Лаборатория Ласкера, принимавшего участие в сомнительном заговоре, попала в круг пристального внимания компетентных органов. Но органы остались, практически, ни с чем. Материалы по психогенератору были отосланы на экспертизу в разные научные подразделения. Ученые сошлись во мнении, что имеют дело с псевдонаучной стряпней, если не с откровенной мистификацией, для коей, вспомнив сумасшедшего старика, придумали термин "птиценкриковщина".
Нашлись, конечно, пронырливые журналисты, пытавшиеся очернить имена уважаемых людей и раздуть на страницах желтой прессы шумиху вокруг секретного изобретения. Самым веским, неоспоримым аргументом злопыхателей было загадочное исчезновения монумента на набережной, связываемое с заговором и генератором.

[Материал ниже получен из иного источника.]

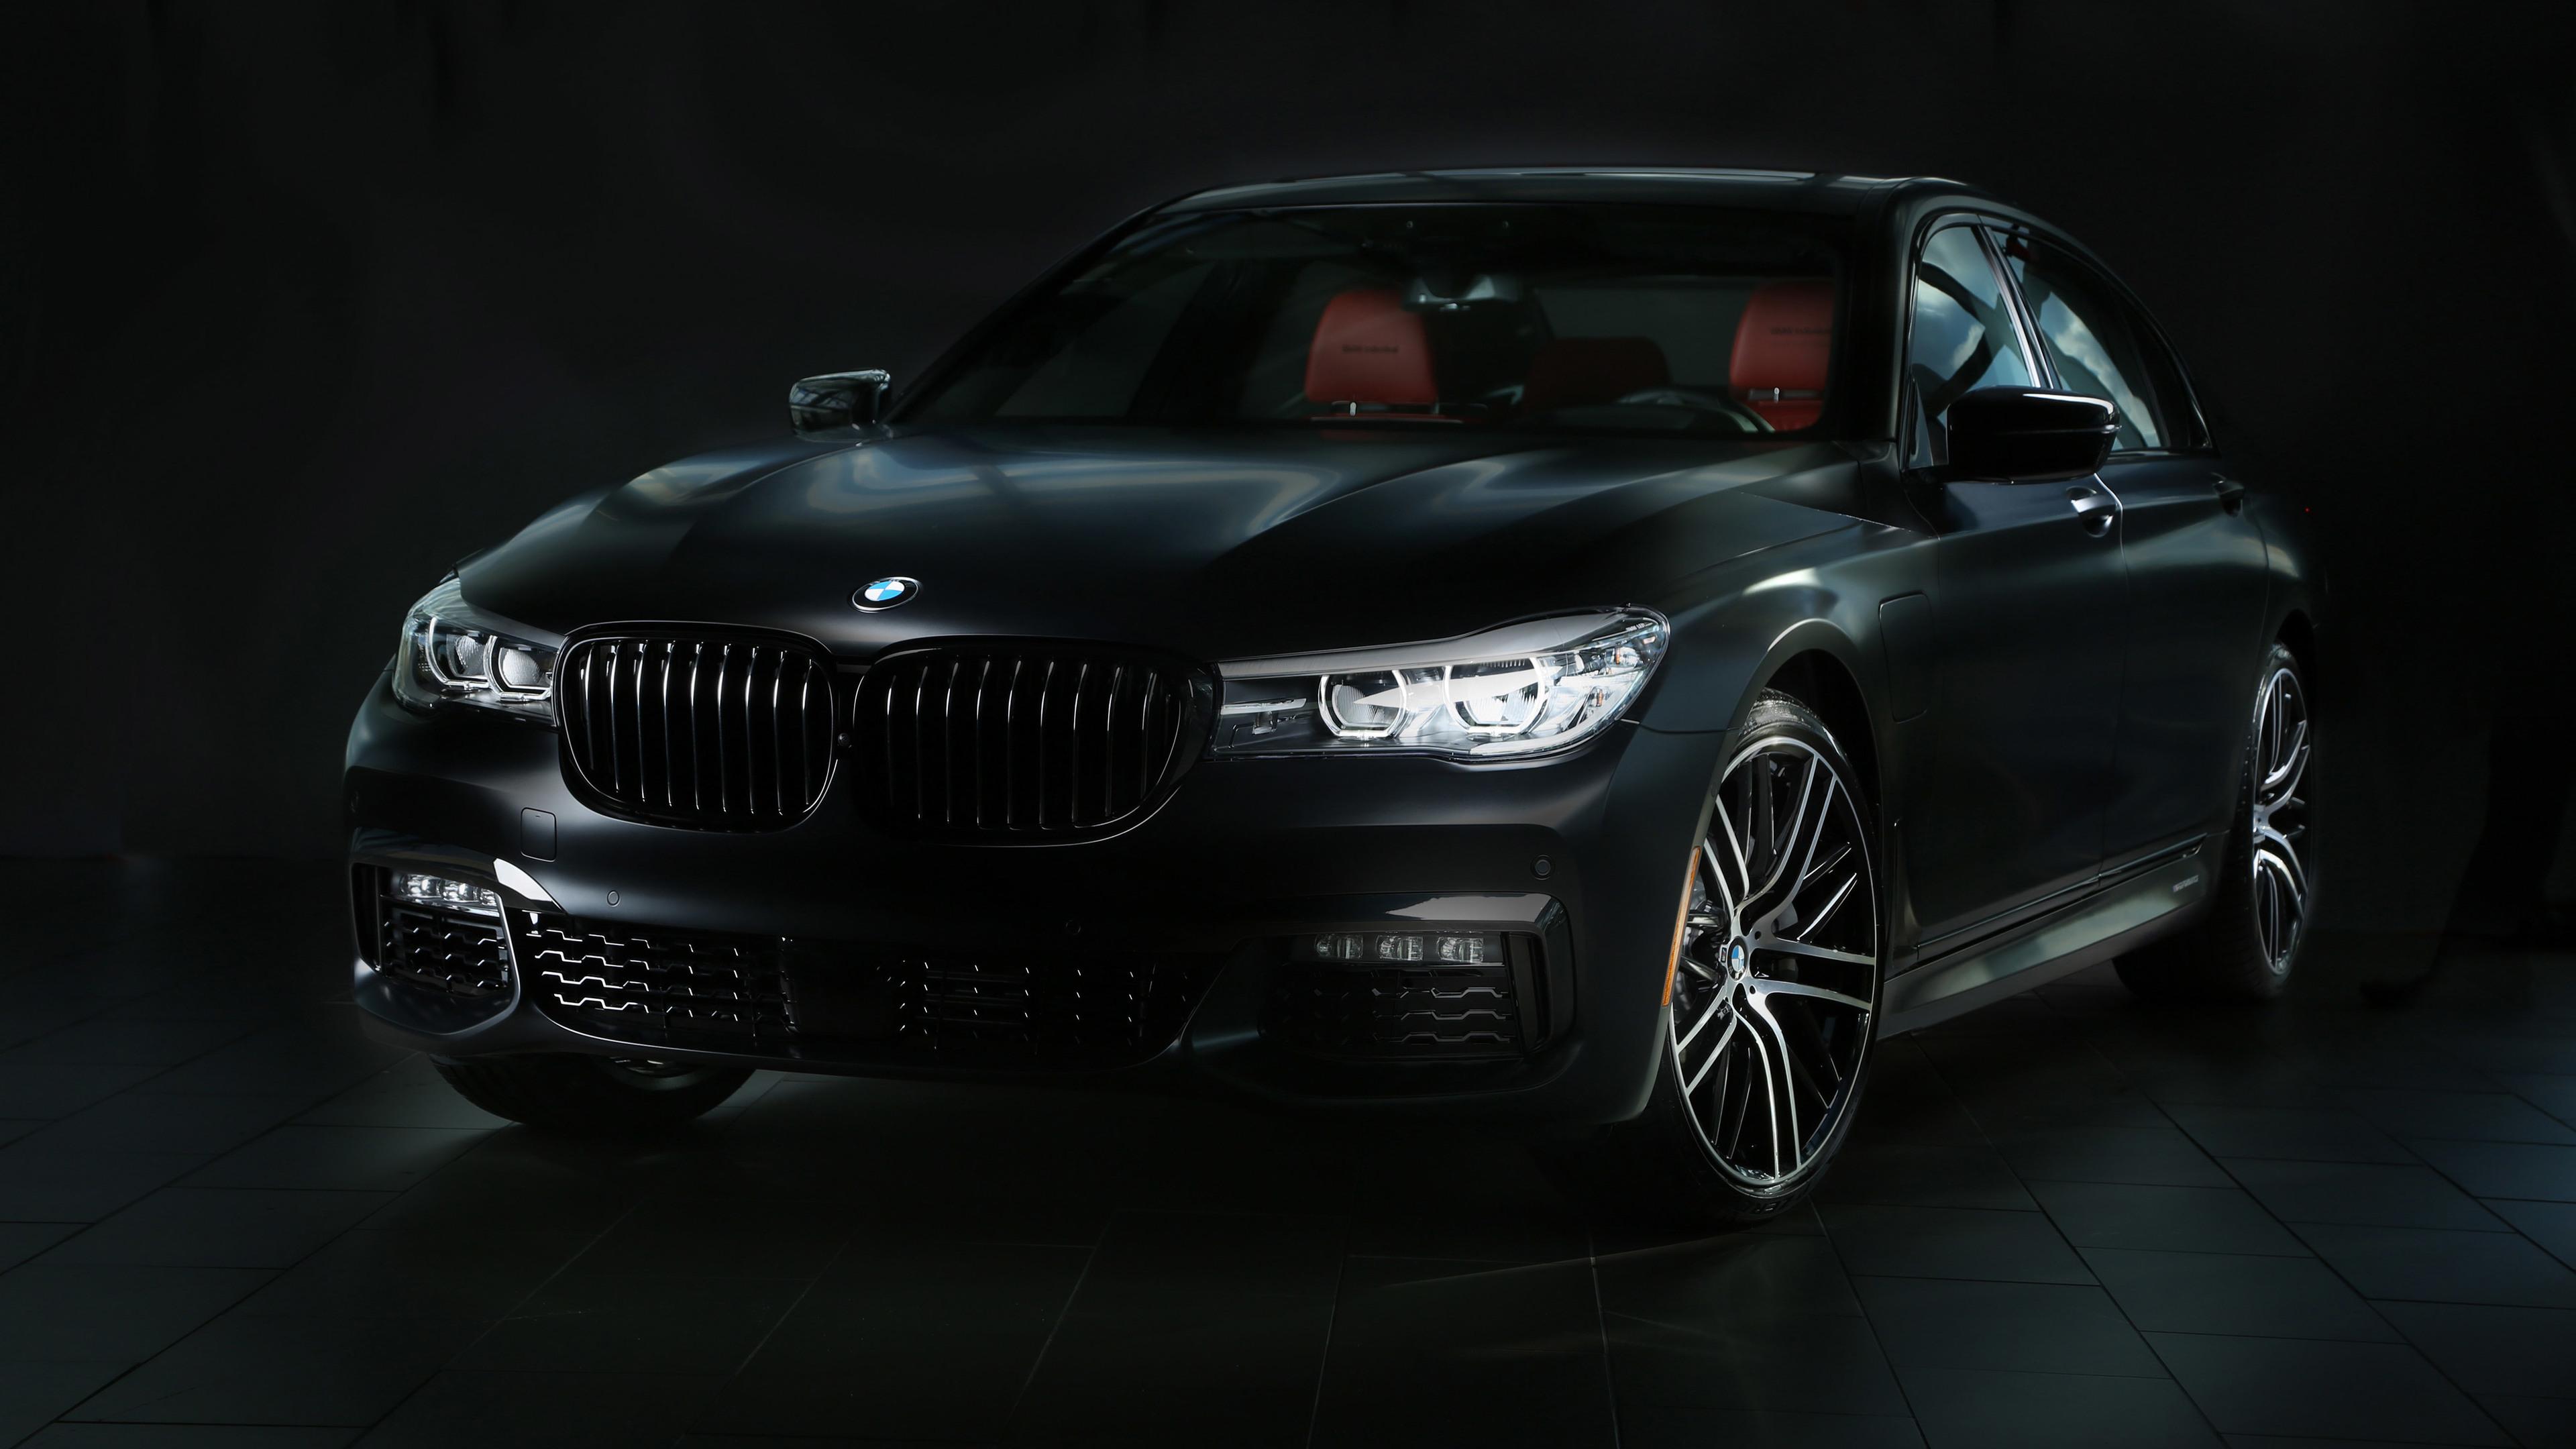 2017 bmw 740e iperformance m performance front 1539107567 - 2017 BMW 740e IPerformance M Performance Front - hd-wallpapers, cars wallpapers, bmw wallpapers, bmw 740 e wallpapers, 4k-wallpapers, 2017 cars wallpapers

О судьбе медно-каменного изваяния ходили разные слухи. Говорили даже, что скульптор, разочаровавшись в культурной политике, тайно демонтировал статую и подарил кубинцам. Кубинцы подарок взяли, поскольку, как выяснилось, изображен был Камноедиловым никакой не загримированный Шаляпин, а слегка приодетый в национальный испанский костюм товарищ Кастро. Московские власти рассерчали, прикрыли останки постамента чехлами от военных ракет и со скульптором распрощались. Говорили даже, что место на стрелке перекупил конкурент Камноедилова из Иерусалима с целью соорудить на нем крайне натуралистическое скульптурное изображение пророка Магомеда, и плюнуть тем самым в догмы ислама, изображения божественных персон запрещающие. Впрочем, подобные сообщения можно было отнести к очередным сионистским вылазкам. А вот что уже было доподлинно известно и освещалось подробно в СМИ, так это дальнейшая судьба Курмана Камноедилова. Он оставил политику и очень скоро объявился в Барселоне помолодевшим, бурлящим творческой энергией со смоляной шевелюрой на узком черепе. Уже там, мобилизовав серьезные средства, возвел монумент под скромным названием "Признание человечества". По масштабам и художественной смелости монумент, как было отмечено, значительно превосходил знаменитый собор архитектора Гварди. Обошлось строительство не дешево. В городе начались повальные празднества, но почему-то перестали выплачивать зарплату мусорщикам и муниципальным врачам. На площадях и улицах стало грязновато, а если объявлялись где-нибудь на Земном шаре какие-нибудь зловредные эпидемии, то прямиком шли сюда. Об это писали самые секретные московские газеты.